Supplied information

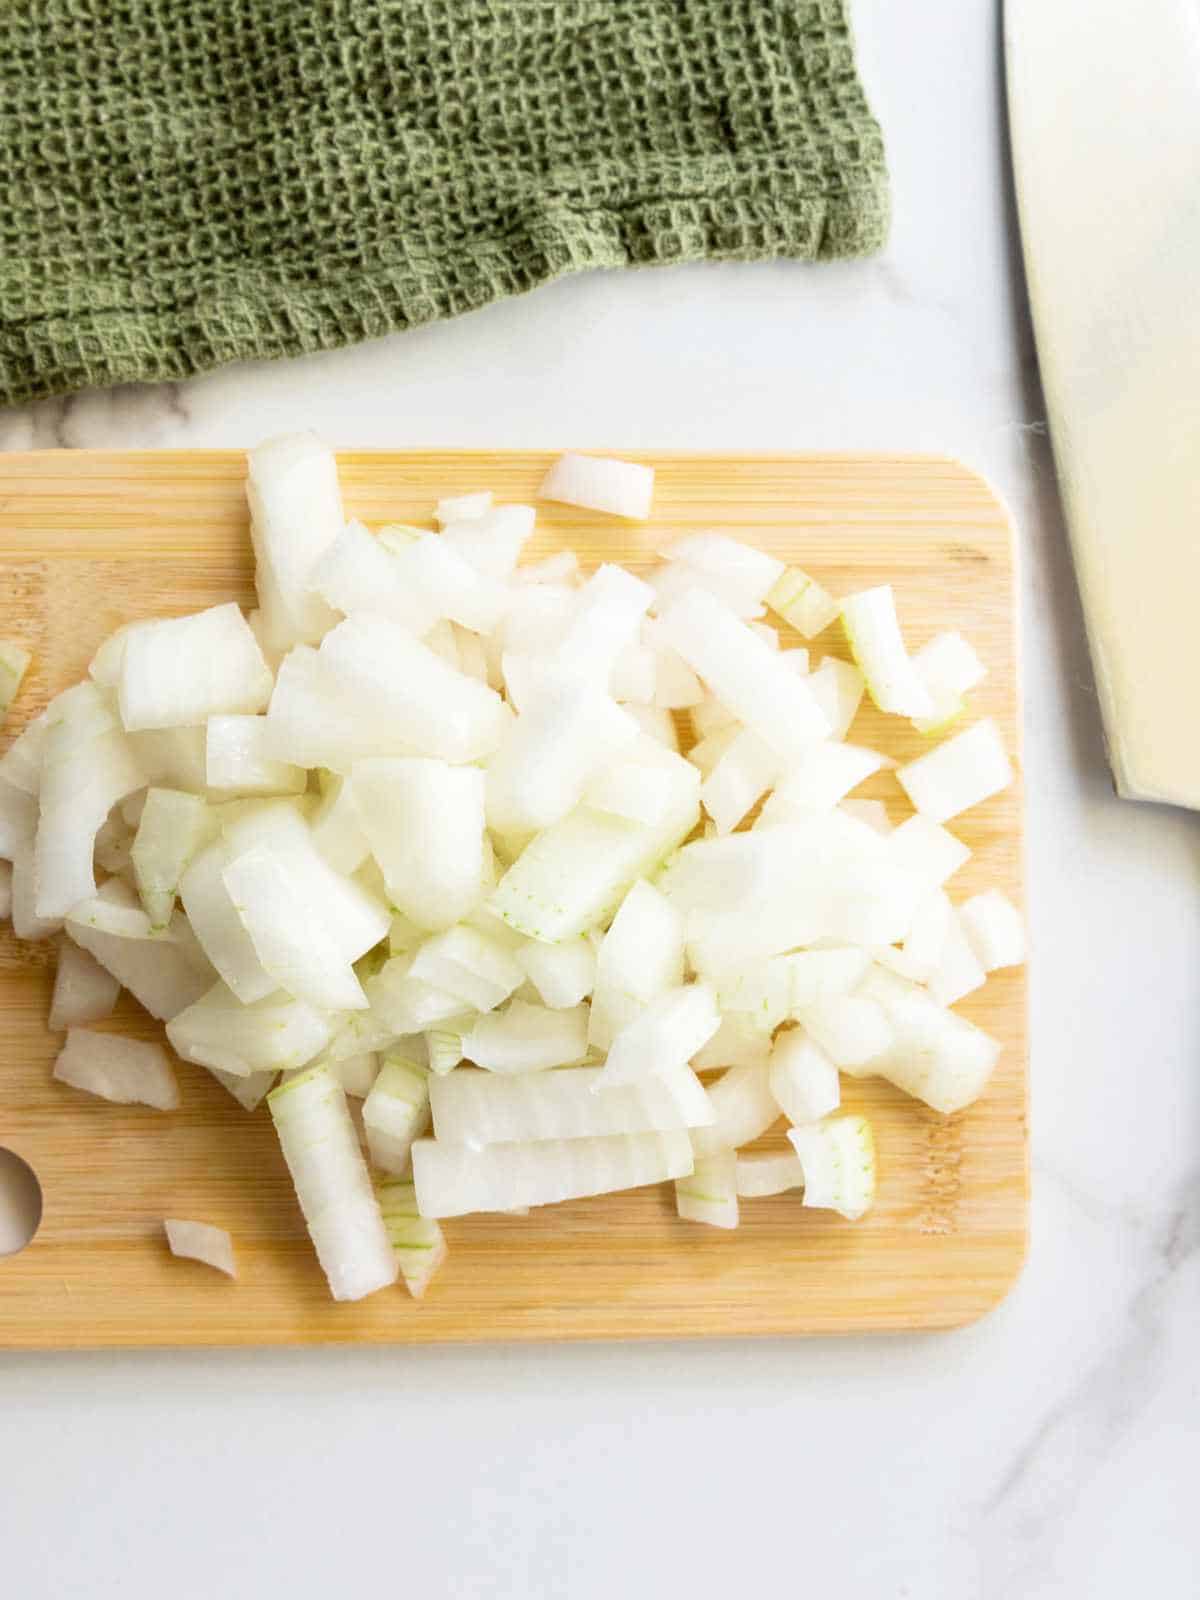 diced onion on a chopping block.
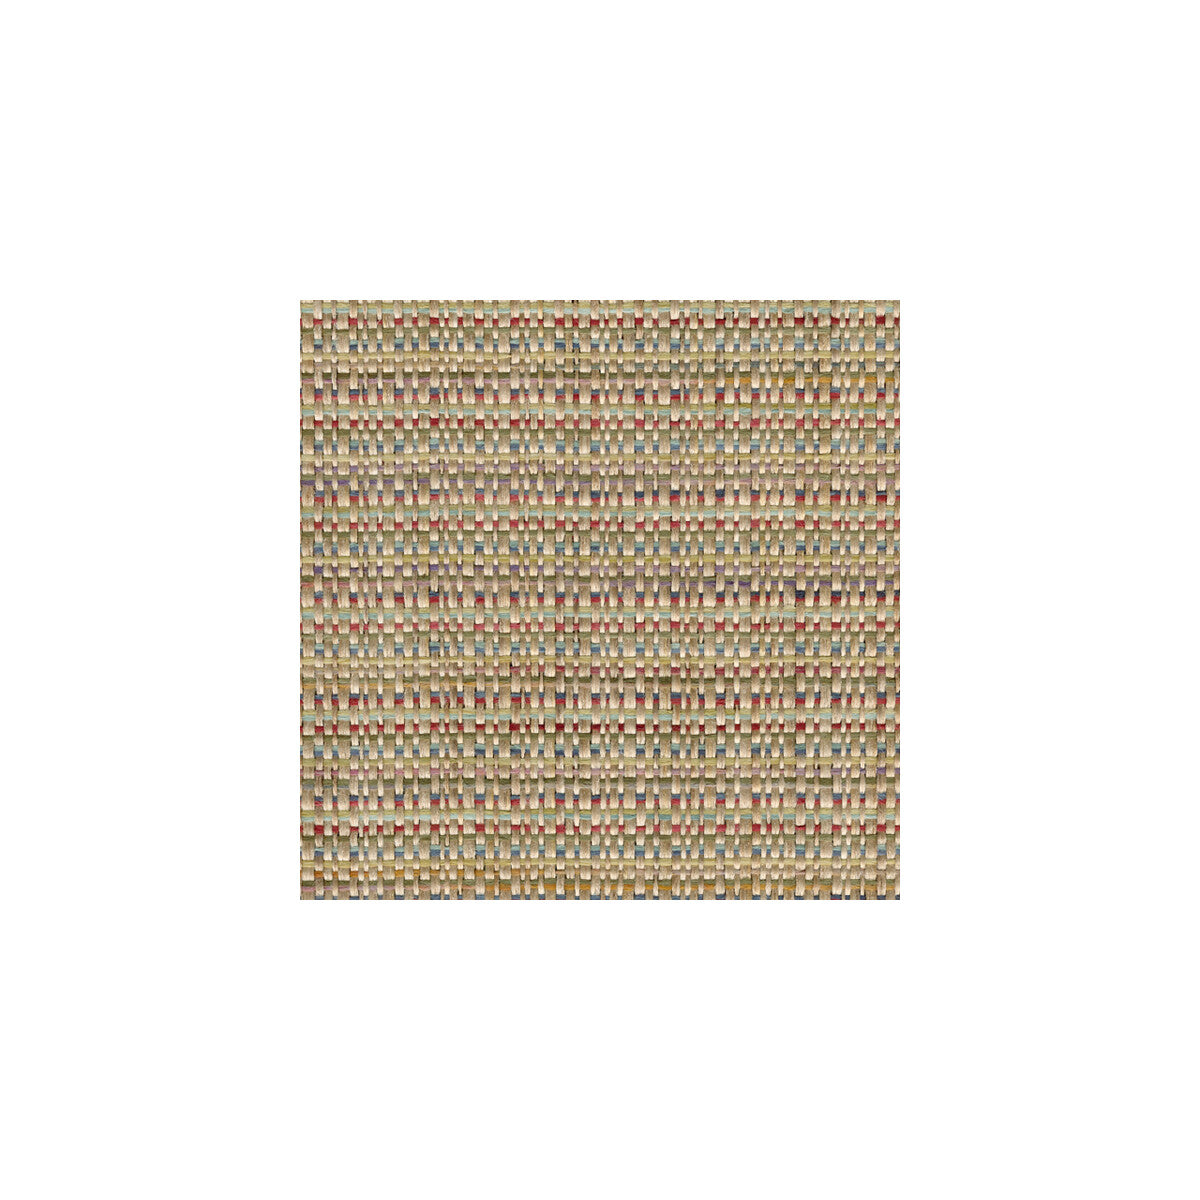 Kravet Smart fabric in 31757-519 color - pattern 31757.519.0 - by Kravet Smart
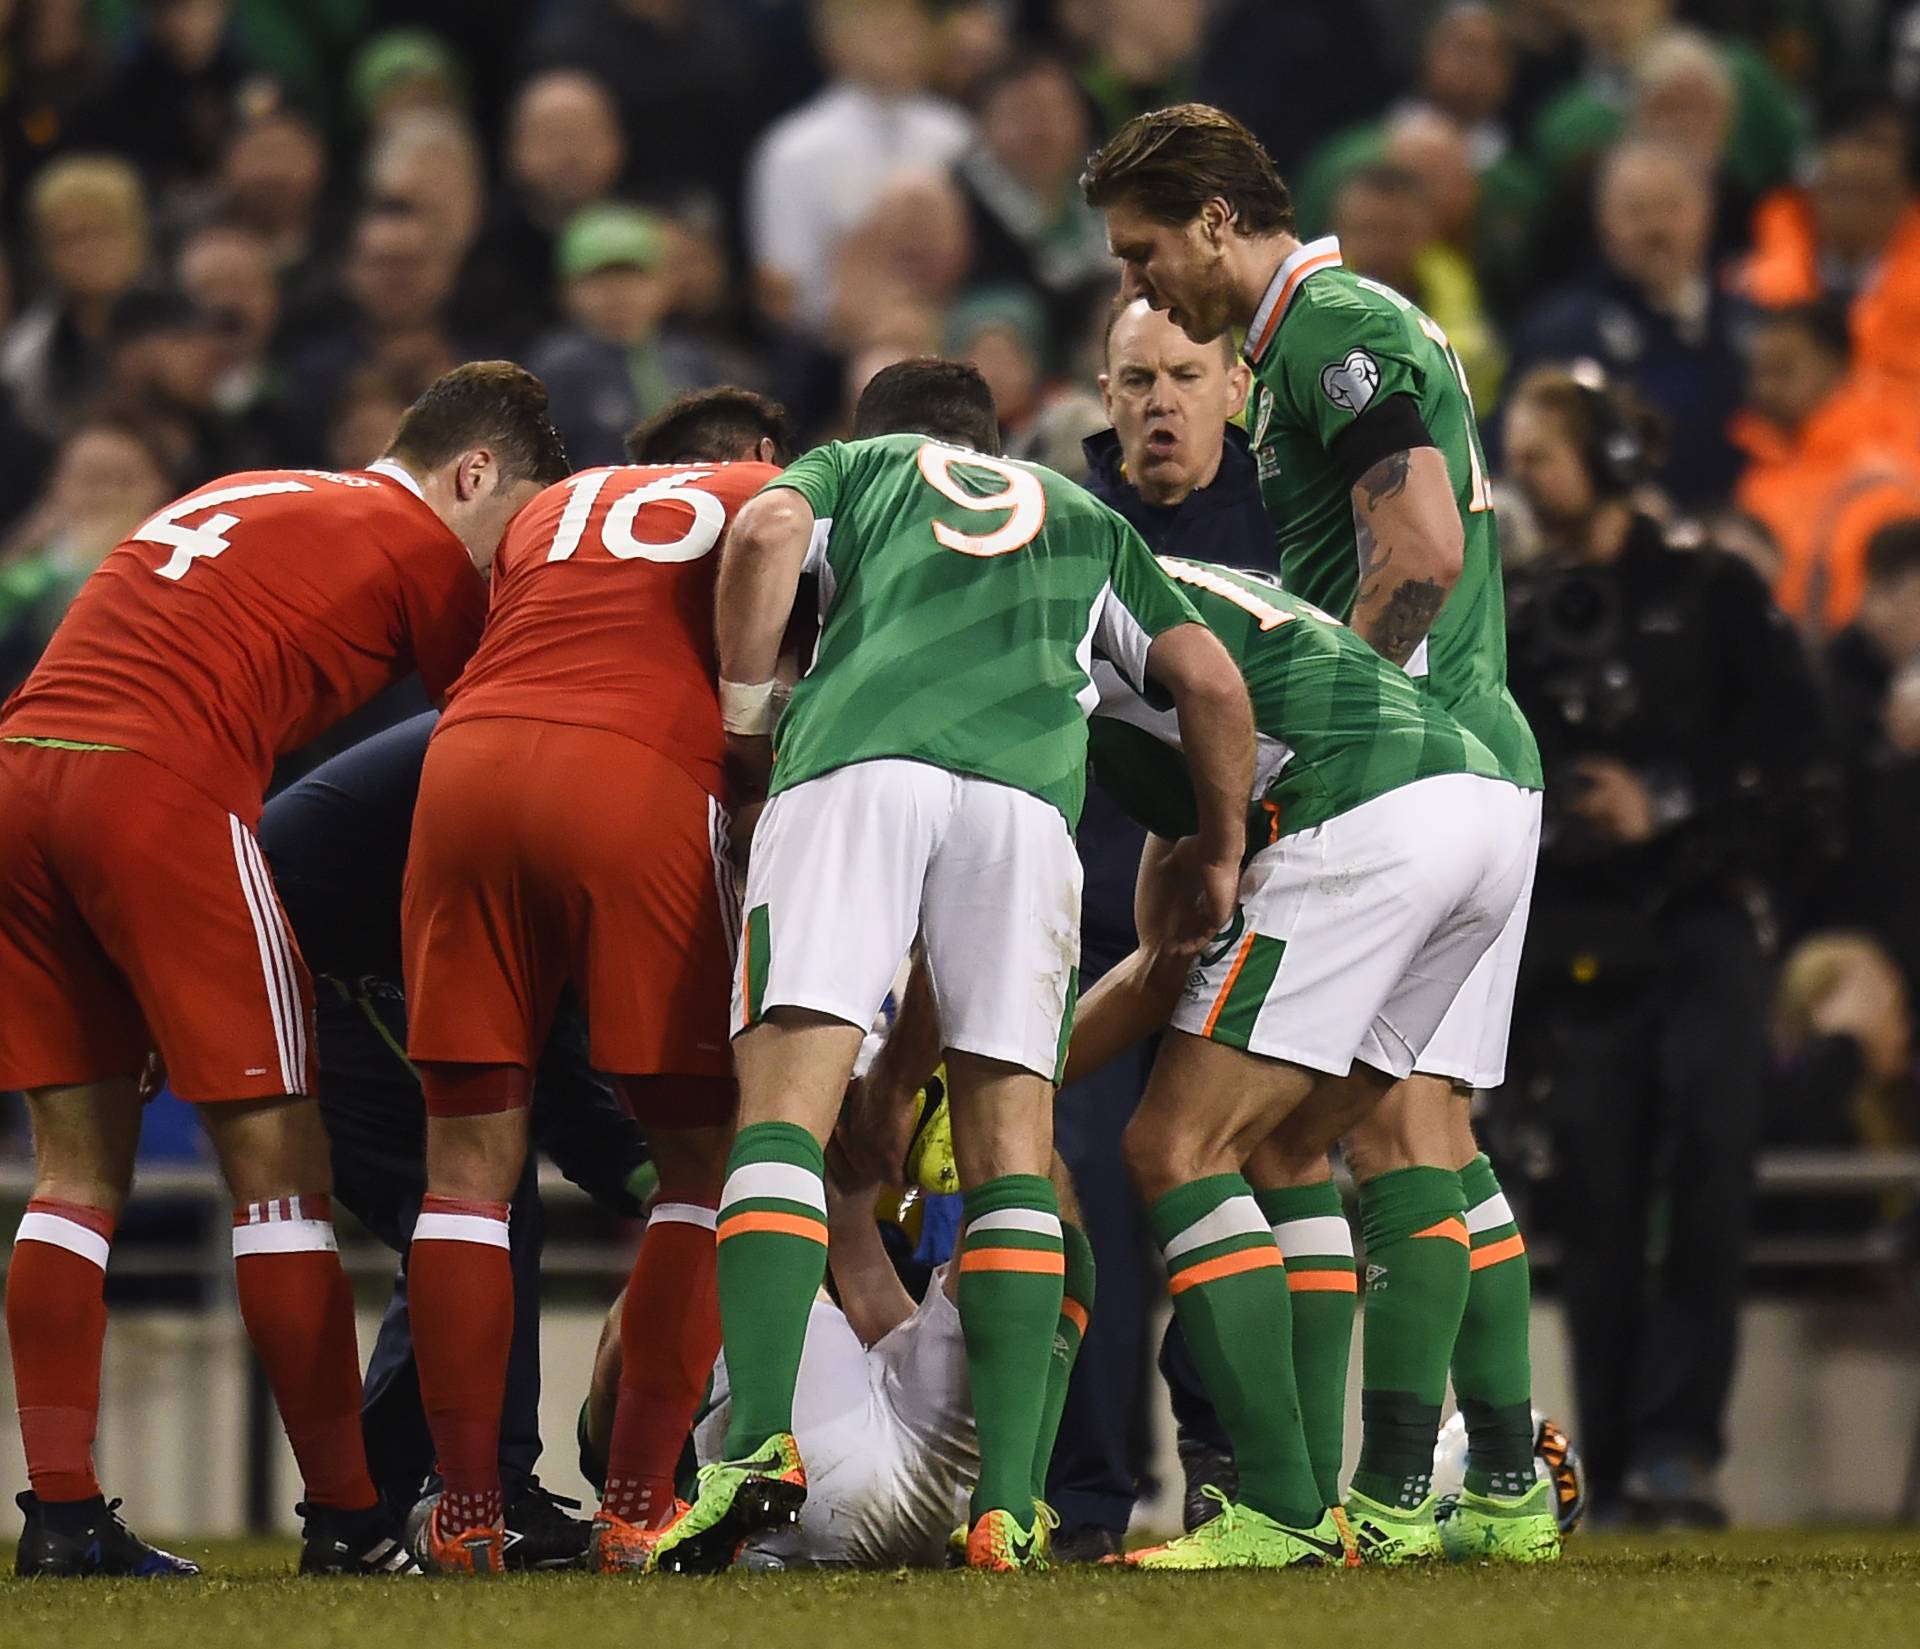 Players surround Republic of Ireland's Seamus Coleman as he lies injured

Directions
Images are to be skipped, and each line above is to be returned exactly.

Reply to the task
 diced onion on a chopping block.
 Kravet Smart fabric in 31757-519 color - pattern 31757.519.0 - by Kravet Smart
 Players surround Republic of Ireland's Seamus Coleman as he lies injured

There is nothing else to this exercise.